21 KiB

Raw Blame History

CLAUDE.md - YouTube Summarizer Backend

This file provides guidance to Claude Code when working with the YouTube Summarizer backend services.

Backend Architecture Overview

The backend is built with FastAPI and follows a clean architecture pattern with clear separation of concerns:

backend/
├── api/                    # API endpoints and request/response models
├── services/              # Business logic and external integrations
├── models/                # Data models and database schemas
├── core/                  # Core utilities, exceptions, and configurations
└── tests/                 # Unit and integration tests

Key Services and Components

Authentication System (Story 3.1 - COMPLETE ✅)

Architecture: Production-ready JWT-based authentication with Database Registry singleton pattern

AuthService (services/auth_service.py)

JWT token generation and validation (access + refresh tokens)
Password hashing with bcrypt and strength validation
User registration with email verification workflow
Password reset with secure token generation
Session management and token refresh logic

Database Registry Pattern (core/database_registry.py)

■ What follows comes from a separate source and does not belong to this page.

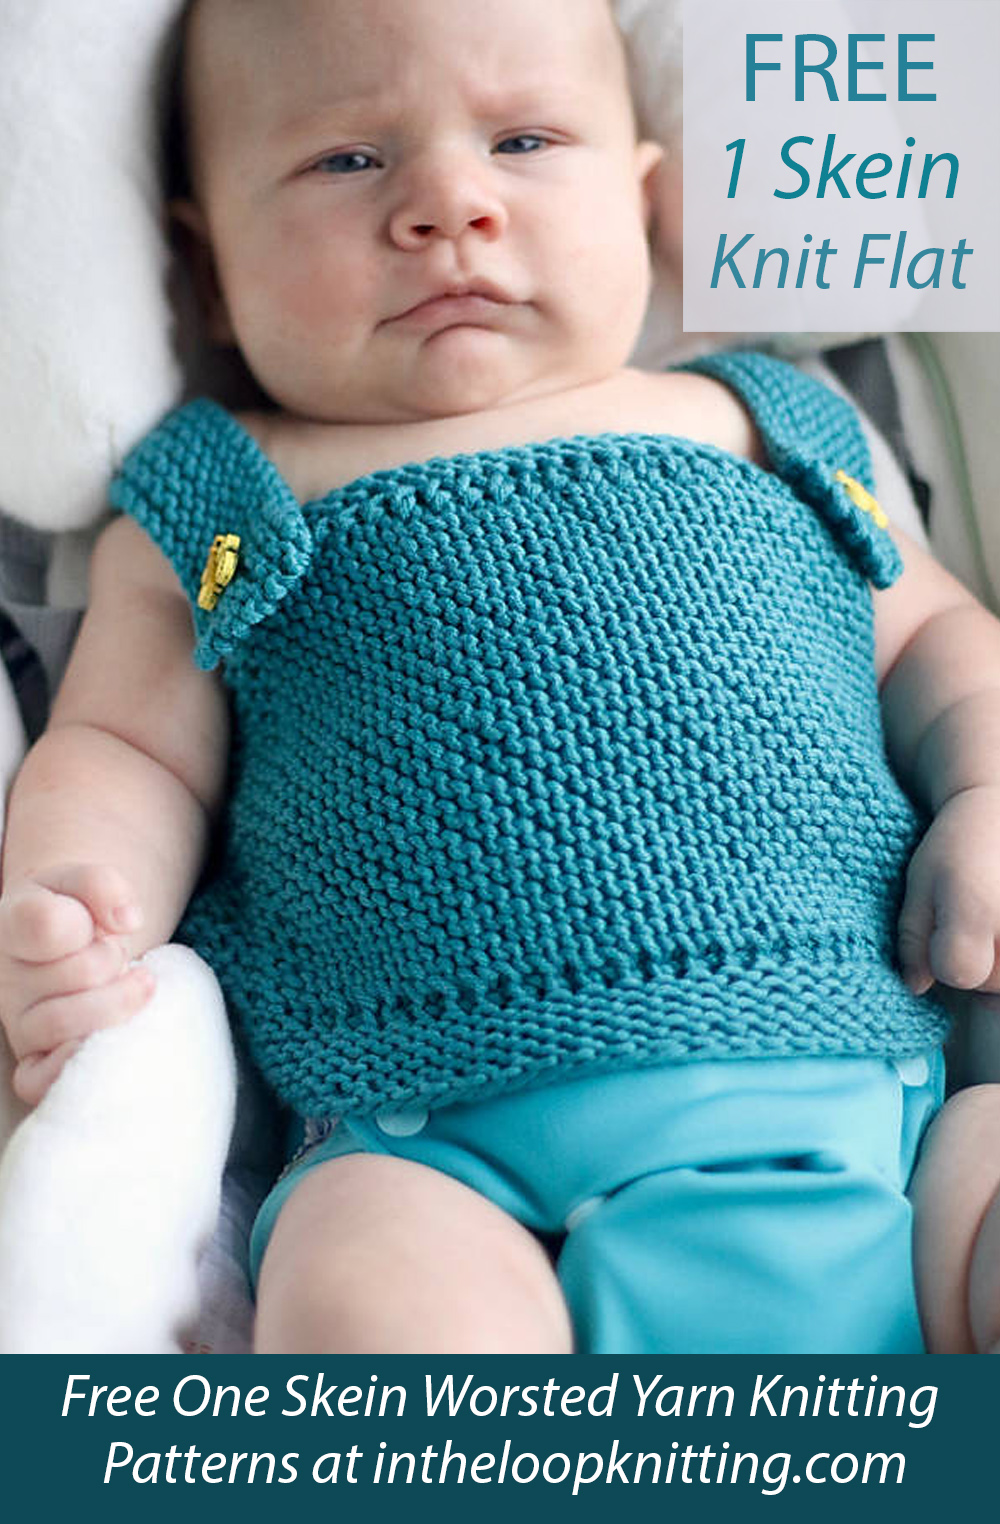 Free One Skein Landon Baby Top Knitting Pattern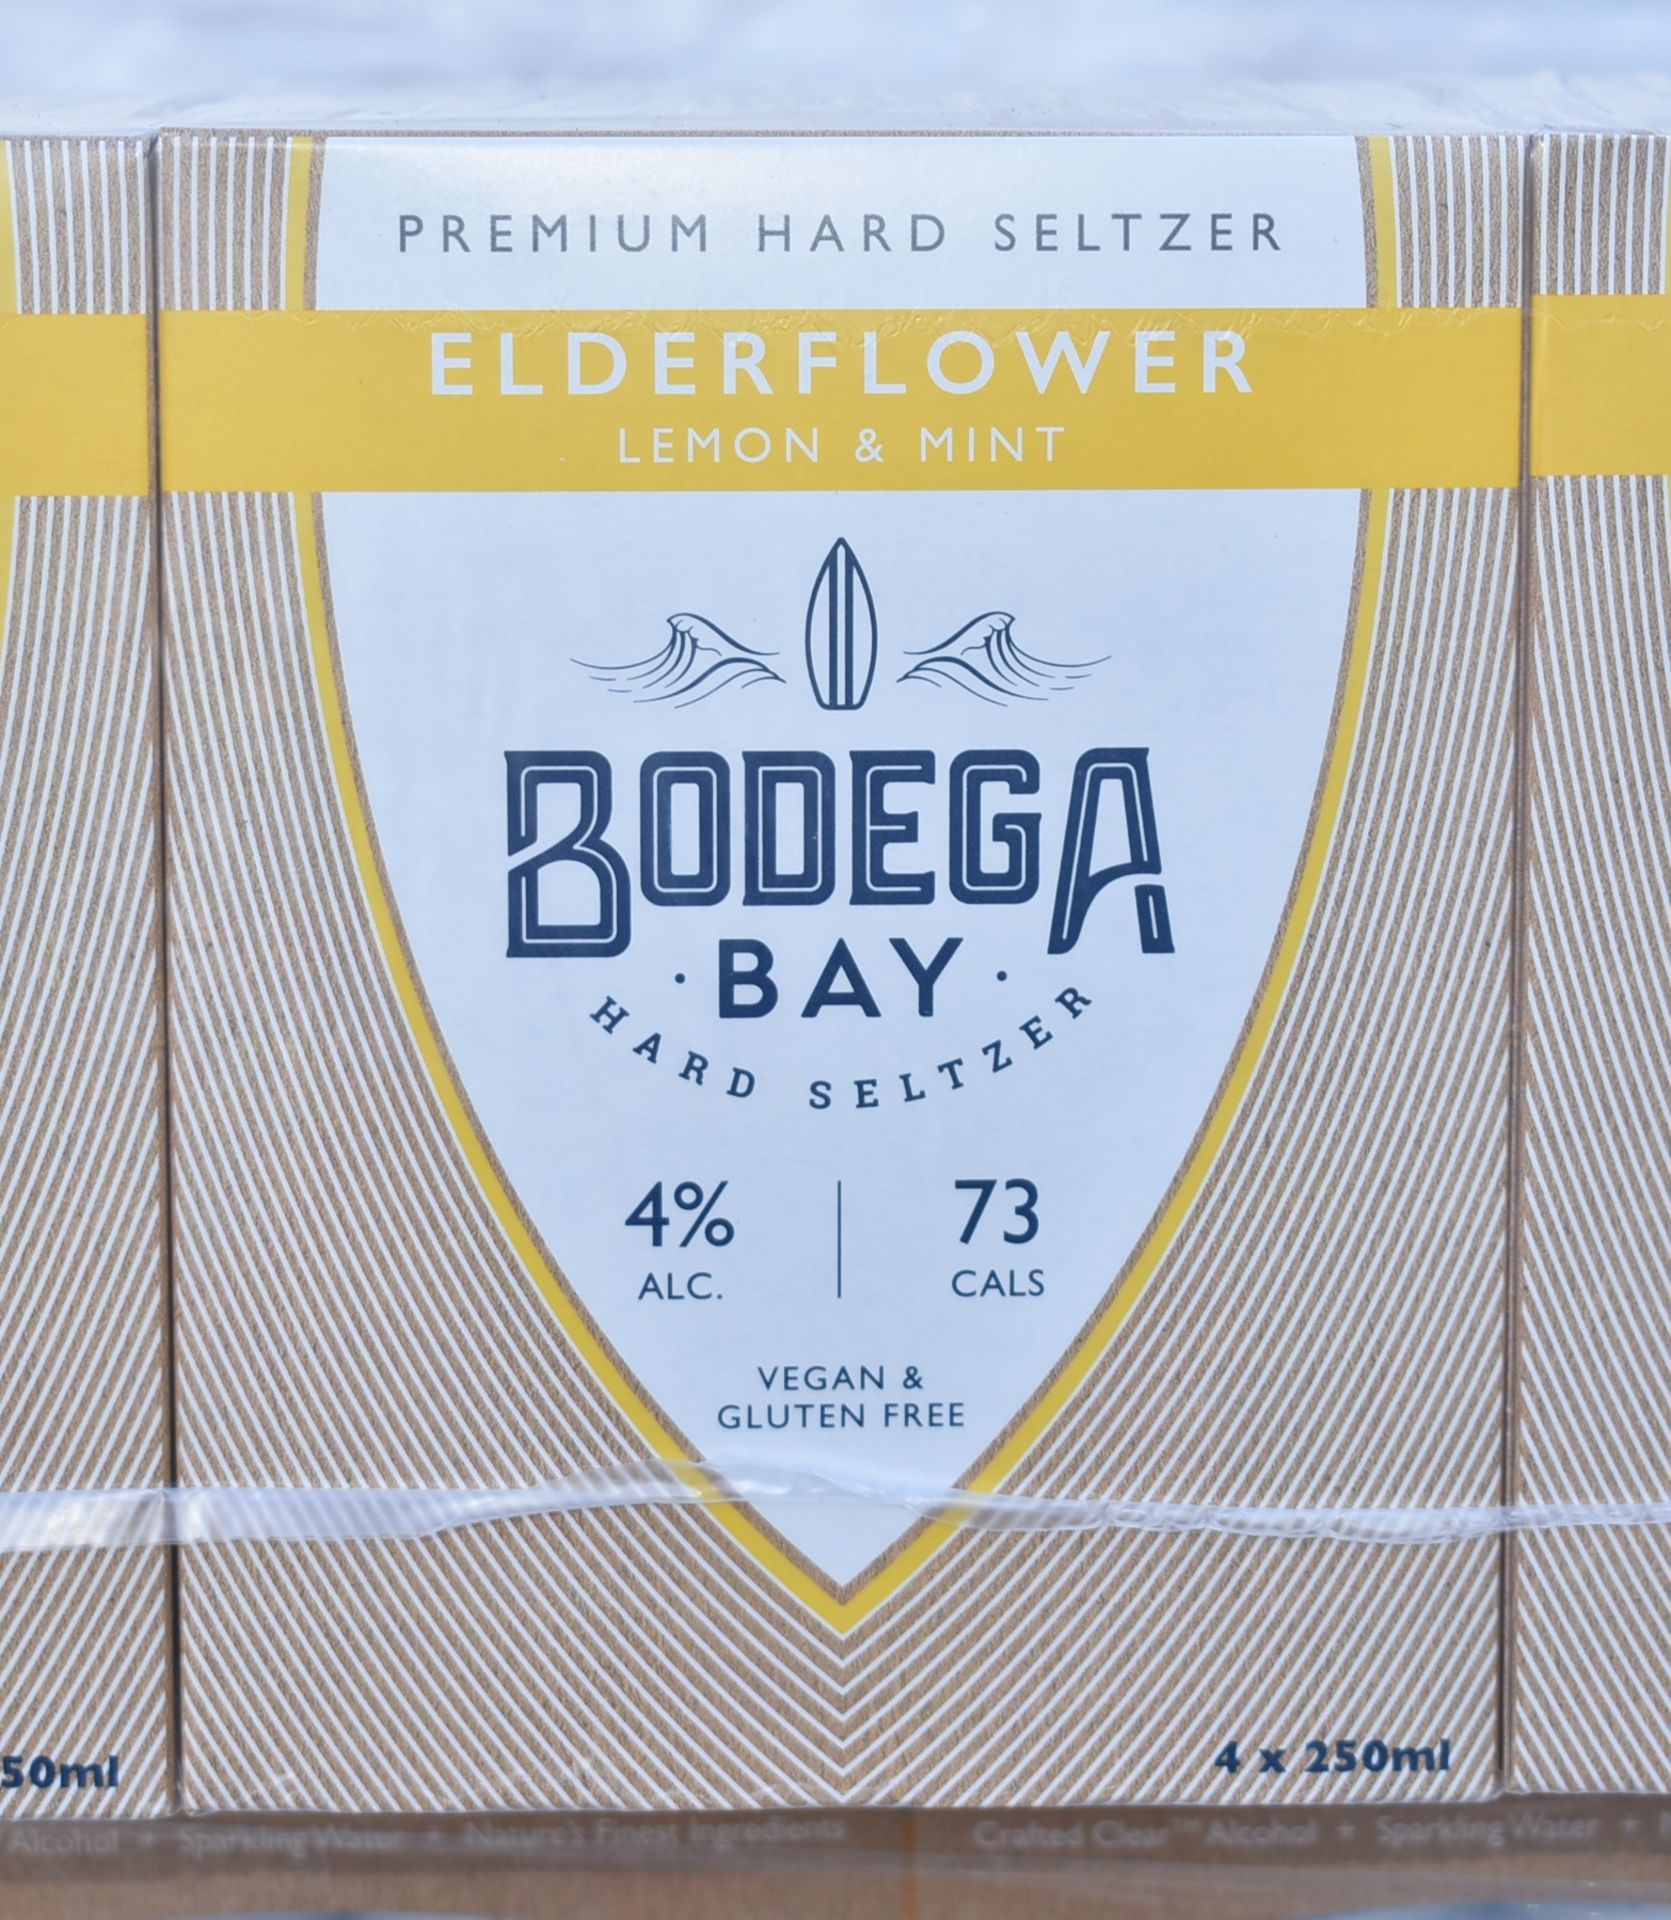 24 x Bodega Bay Hard Seltzer 250ml Alcoholic Sparkling Water Drinks - Elderflower Lemon & Mint - - Image 5 of 9

CRITICAL FIX: Resolves SQLAlchemy "Multiple classes found for path" errors
Singleton pattern ensuring single Base instance across application
Automatic model registration preventing table redefinition conflicts
Thread-safe model management with registry cleanup for testing
Production-ready architecture preventing relationship resolver issues

Authentication Models (models/user.py)

User, RefreshToken, APIKey, EmailVerificationToken, PasswordResetToken
Fully qualified relationship paths preventing SQLAlchemy conflicts
String UUID fields for SQLite compatibility
Proper model inheritance using Database Registry Base

Authentication API (api/auth.py)

Complete endpoint coverage: register, login, logout, refresh, verify email, reset password
Comprehensive input validation and error handling
Protected route dependencies and middleware
Async/await patterns throughout

Dual Transcript Services ✅ NEW

DualTranscriptService (services/dual_transcript_service.py)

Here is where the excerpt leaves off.